I have always been inspired by Wanda Wen, founder of Soolip, the celebrated Los Angeles stationer and fine paper arts boutique. Her work, her store, and her life are fueled by a passion for the simple beauty of paper, letter press printing and nature.
After 11 years in the chaotic world of fashion working with Perry Ellis and Steven Sprouse, Wen found tranquility in opening Soolip on Melrose Avenue in the heart of L.A.’s design district 21 years ago. Soolip, which is Chinese for a destiny to seek wisdom, has become synonymous with a mindful lifestyle.
Certainly, in Los Angeles, it was the right time, right place, right sentiment and her business grew fast. It included bridal shows, Soolip Wedding, a book — The Art of Gift Wrapping — and articles in The New York Times, Vogue, Harper’s Bazaar, C Magazine, Martha Stewart Weddings, Travel & Leisure, Town & Country, W, People, InStyle, Elle, and The Los Angeles Times. Her shop on Melrose appeared to have a TMZ camera trained on it for all the celebrities who still frequent it.
But today Wen is balancing all that with a second location in Westlake Village where she plans to create The Soolip School of Mindful Activities next door to her invitation studio. Wen plans classes on creative journaling, yoga, calligraphy, gift wrapping and more as the school gears up in 2017.

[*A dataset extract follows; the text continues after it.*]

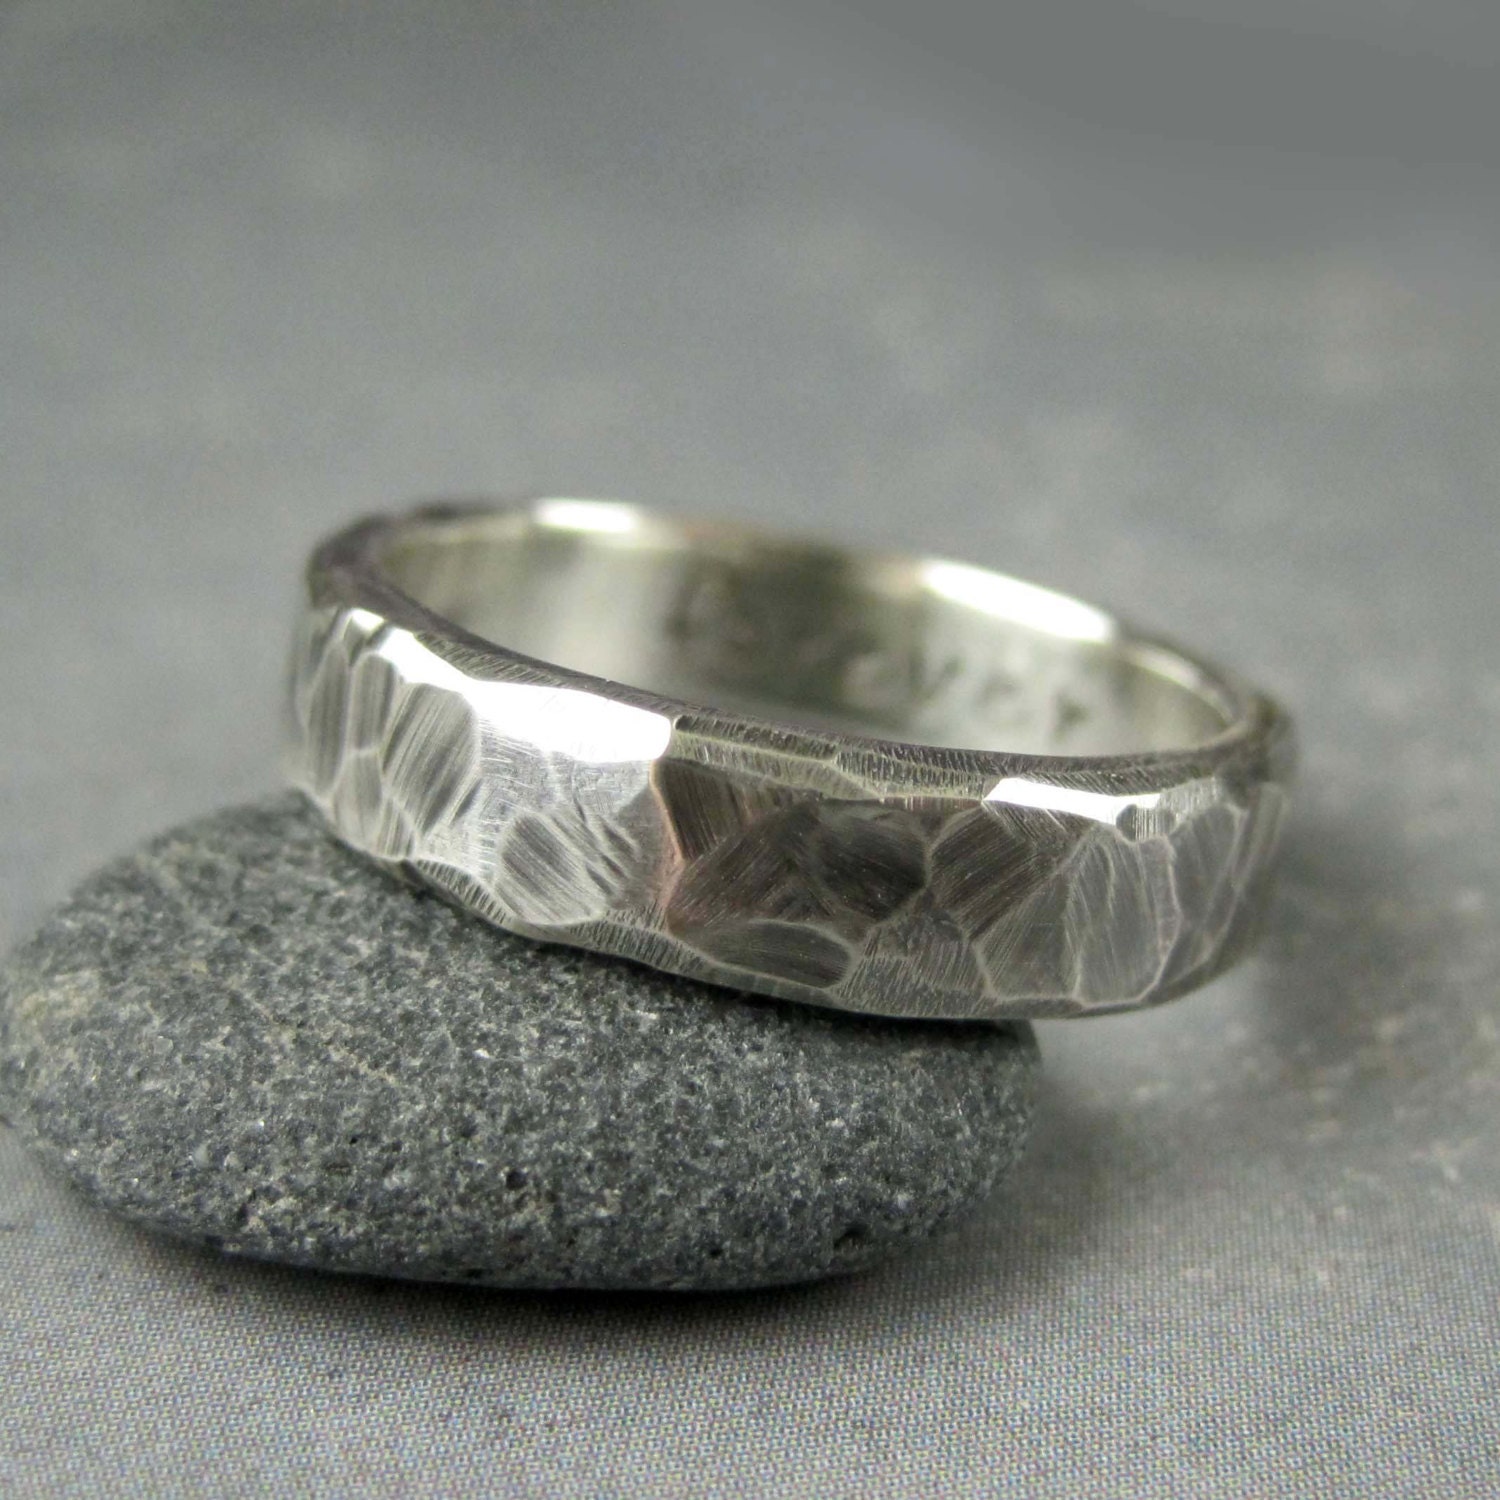 Personalized rustic wedding ring custom engraved Rough hewn

Last week, we sat down in her new Westlake studio to discuss an upcoming event and quickly got into the topic of mindfulness and the use of it in business.
Liese: Transitions in life and career are not easy, especially from fashion to becoming a well-known paper artist. How did that happen?
Wanda: I worked in the fashion industry for 11 years, but I always loved paper. As I began to become disenchanted with the fashion industry and the never-ending sales cycle, I began experimenting with a small letter press printer and began to making cards. In my off-hours I began to get into graphic design. I was then in Los Angeles and began by taking evening classes a UCLA. I realized I really loved it and letter press.
I apprenticed in Pasadena at a letter press studio for a year and ten got two more letter press printers in my garage. I used to make cards just for fun but that really was the beginning of Soolip. I made my own wedding invitations and it grew from there. When I wrote my business plan the most important part I wanted to include was to create a place of inspiration; a place where people can make something physical that is in their creative mind.
Liese: How have you infused mindfulness throughout your work?
Wanda: Transitions are exciting yet scary. I find the older I am the less I know. So you have charge through with the wisdom you have developed but maintain the curiously of a child so we don’t get stuck in our ways.
The yogic path has been so joyful for me. Somehow it does have something to do with one another. The product I make is mindful. The space between the last line of text on an invitation to the edge of the paper is important to me. I pay attention to the negative space and that’s why our pieces look like what they do. It’s part of the design. And they aren’t sure what makes it look so right, but it does.
There are no rules in my design. It’s just my eye.
Liese: Besides the School of Mindful Activities, what’s new on the graphic design front for you?
Wanda: I’m excited about partnering with the Karen Alweil Studio to produce nature-inspire placemats for Anthropologie. The tree-free paper mats come in sheets of 25 and are made from excess cotton from the garment industry. I’m so passionate about making something out of the waste.
Liese: Which brings us to your gift wrapping inspiration, much of which uses ordinary and organic objects that we find all around us. I love gift wrapping as an art form. It’s very much like an invitation – they both are anticipatory art forms, setting the stage for the recipient or attendee.
Wanda: Yes! It’s about making that first impression. But the joy of giving doesn’t have to be about fancy paper or elaborate ribbon. In the book I explore beauty and inspiration that can be found all around us.
I believe that all of us have a gift-wrap artist within us and the possibilities for transforming a run-of-the-mill present into something truly spectacular are indeed endless.